Germans were stunned by the attack. One local youth left a sign reading simply "Warum?" ("Why?") outside the restaurant.

It is the first time that the 'Ndrangheta, the tongue-twisting name of the crime syndicate of Calabria, the region at the toe of the Italian boot, have exported one of their feuds outside Italy. Hundreds of families with Calabrian roots live in Duisburg. The Pelle-Romeo clan, to which the victims have been linked, has been present in the city for about 20 years, and their rivals, the Strangio-Nirta, also have a presence there.

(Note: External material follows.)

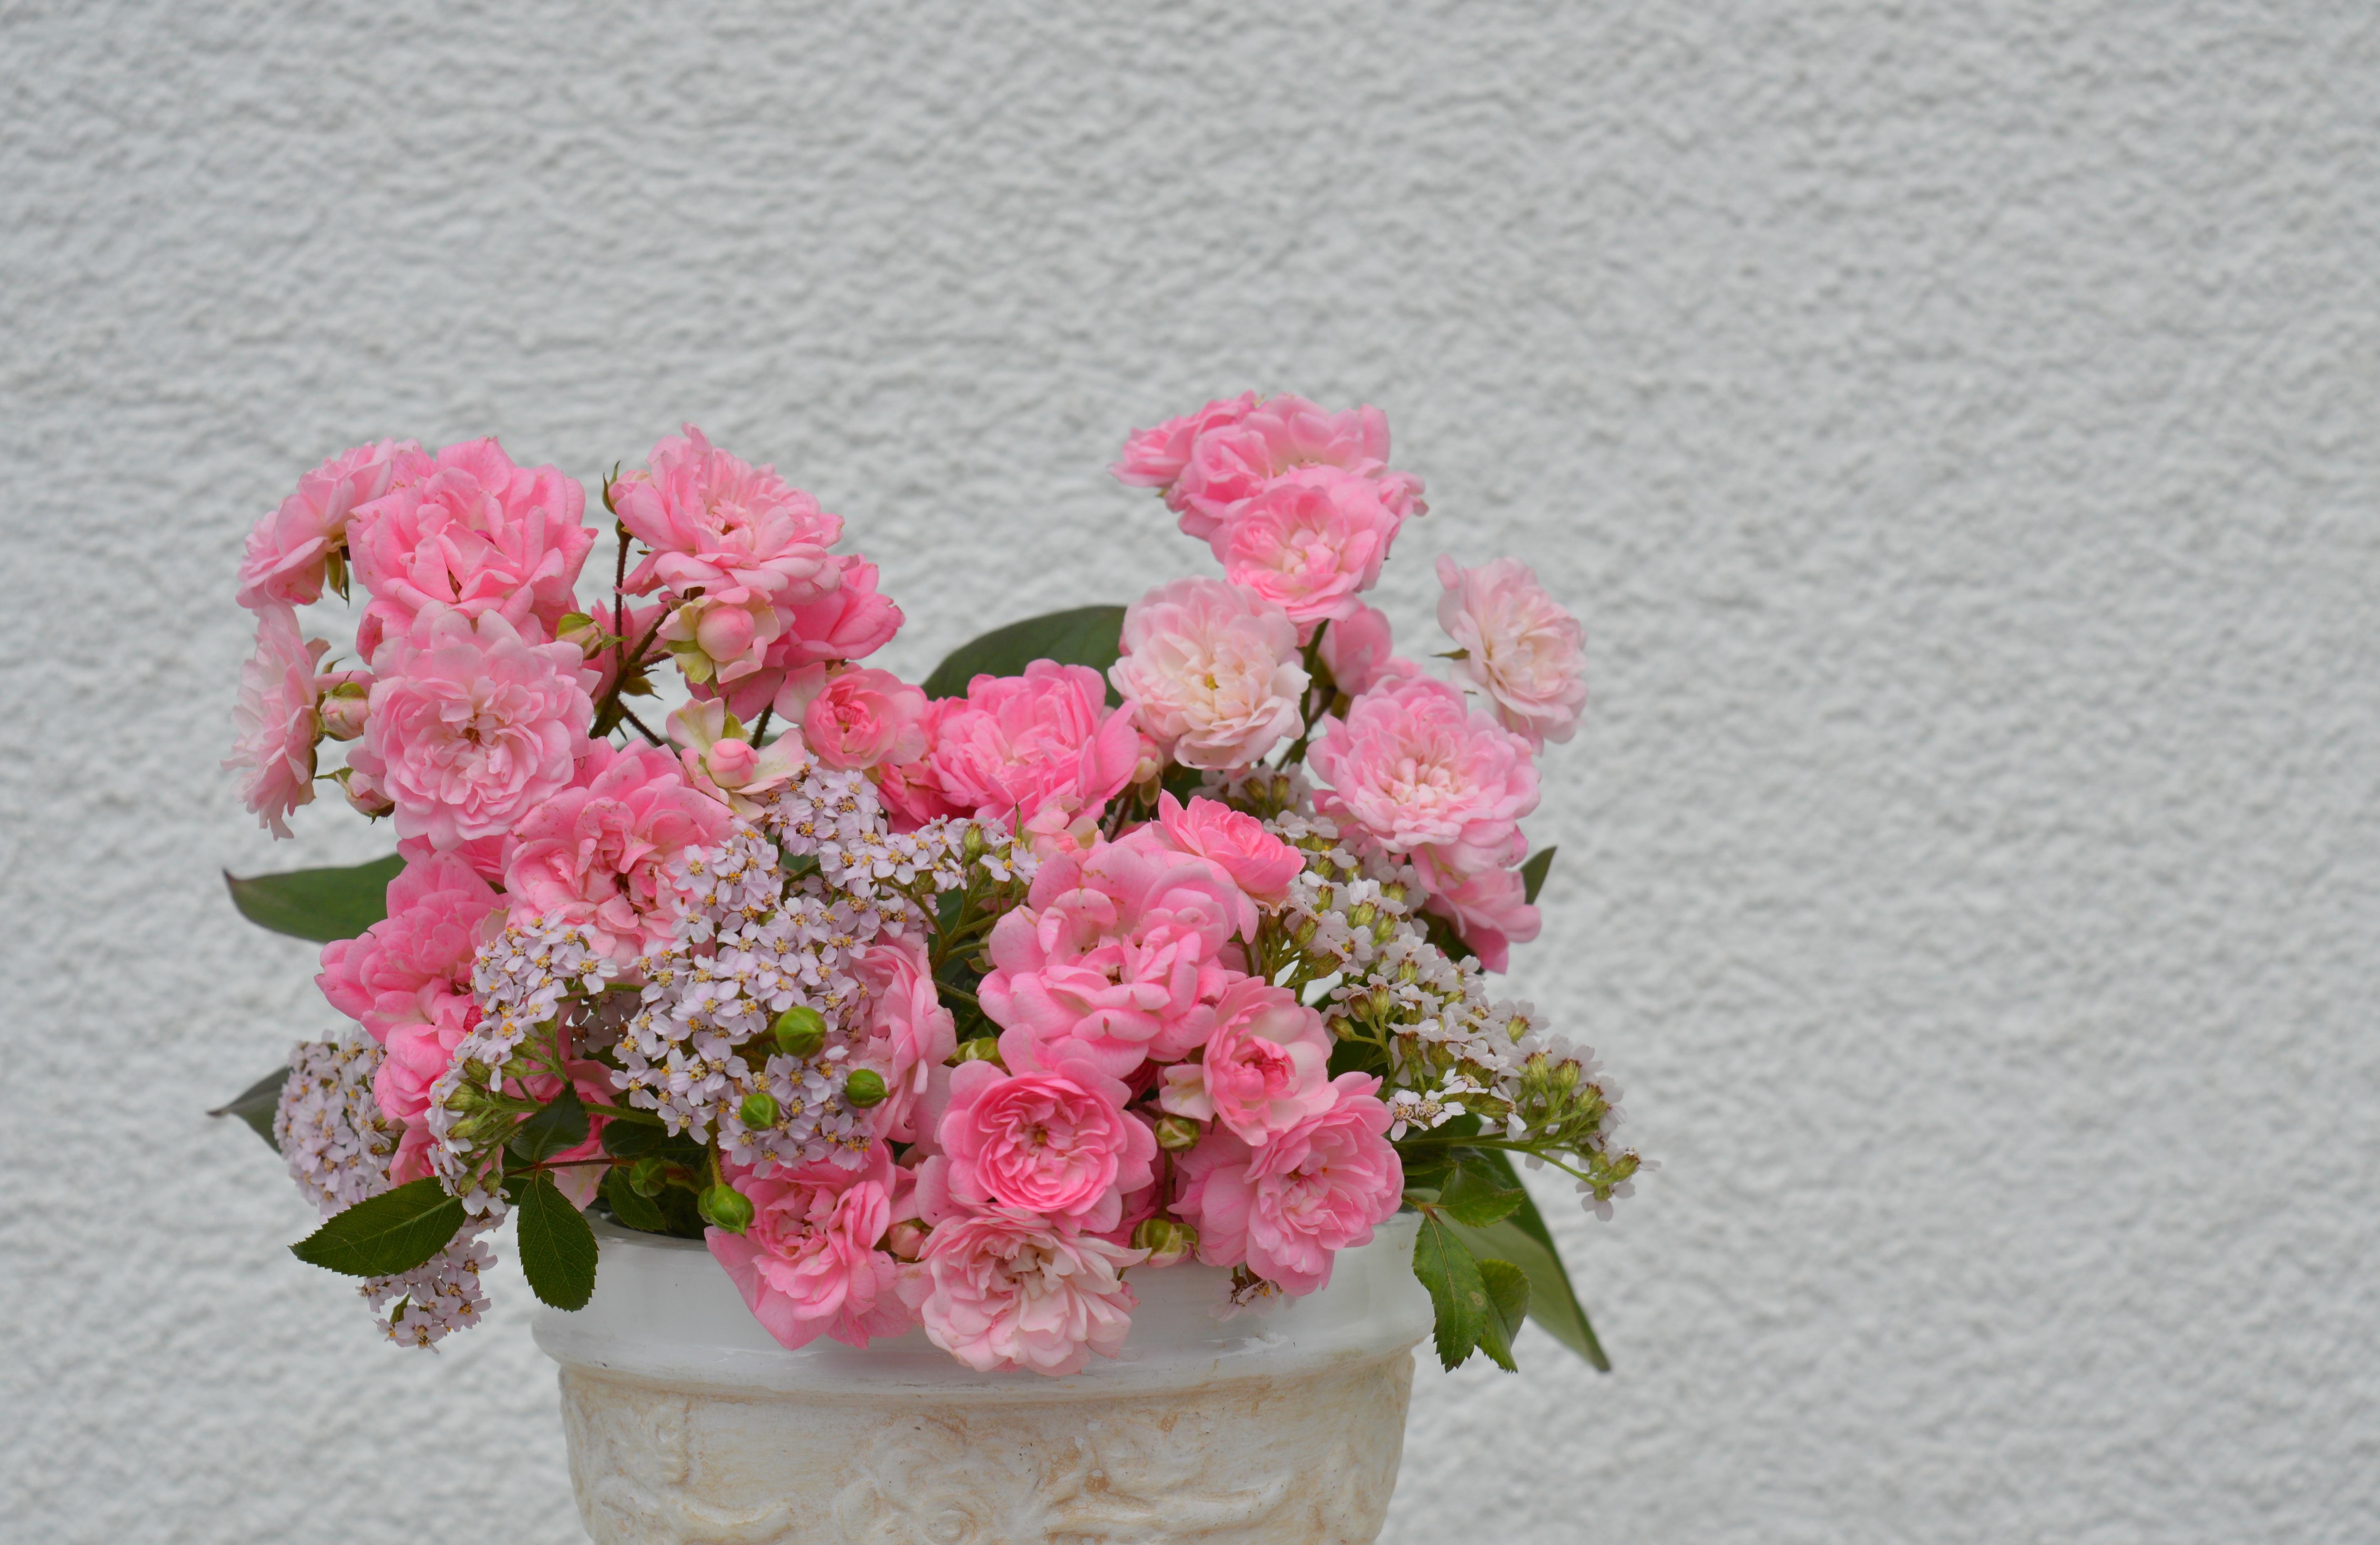 free images blossom petal romance close hydrangea beautiful

Until this week, however, they had not clashed openly in the city.

Italian investigators said they believed that the attack was intended to eliminate one man, Marco Marmo, 25, who is under police investigation for suspected involvement in the murder of the wife of the godfather of another clan last Christmas. The other five may have been killed to eliminate witnesses, they said.

The killings were the latest and bloodiest round of murders in a 16-year-old vendetta that began when the members of one clan of the 'Ndrangheta threw eggs at members of a rival clan in San Luca. Bullets soon replaced eggs and Duisburg's Assumption Day massacre - occurring on the morning of Ferr'agosto, Italy's most important summer holiday - brought the number of victims in the feud to 15.

Although less well-known than Cosa Nostra, the Sicilian Mafia, the Calabrian syndicate is deeply rooted and very wealthy. In a recent report, Italian intelligence agencies said it was richer and more powerful than any other criminal organisation in the country.

"With the 'Ndrangheta, the motives aren't only about honour but above all about economic interests - money laundering and drug trafficking," assistant police chief Nicola Cavaliere said. About 80 per cent of Europe's cocaine supply is believed to come in to the continent via Calabria.

John Dickie, the author of Cosa Nostra, a history of the Mafia, said: "These killings are exceptional and unusual because the Mafias have a huge interest in investing abroad, in property, hotels and restaurants. It's a bad idea to attract attention in this way.

"Cosa Nostra has pursued its wars abroad... but never on this scale. The 'Ndrangheta has both the strengths and the weaknesses of its looser organisation. It has the strength of greater flexibility - but the weakness of making mistakes like this.

"It also has the strengths and weaknesses that come from blood ties. Unlike the Sicilian Mafia, there have been practically no turncoats because it would mean turning against your own flesh and blood. But the Calabrians are much more vulnerable to blood feud deterioration of this sort."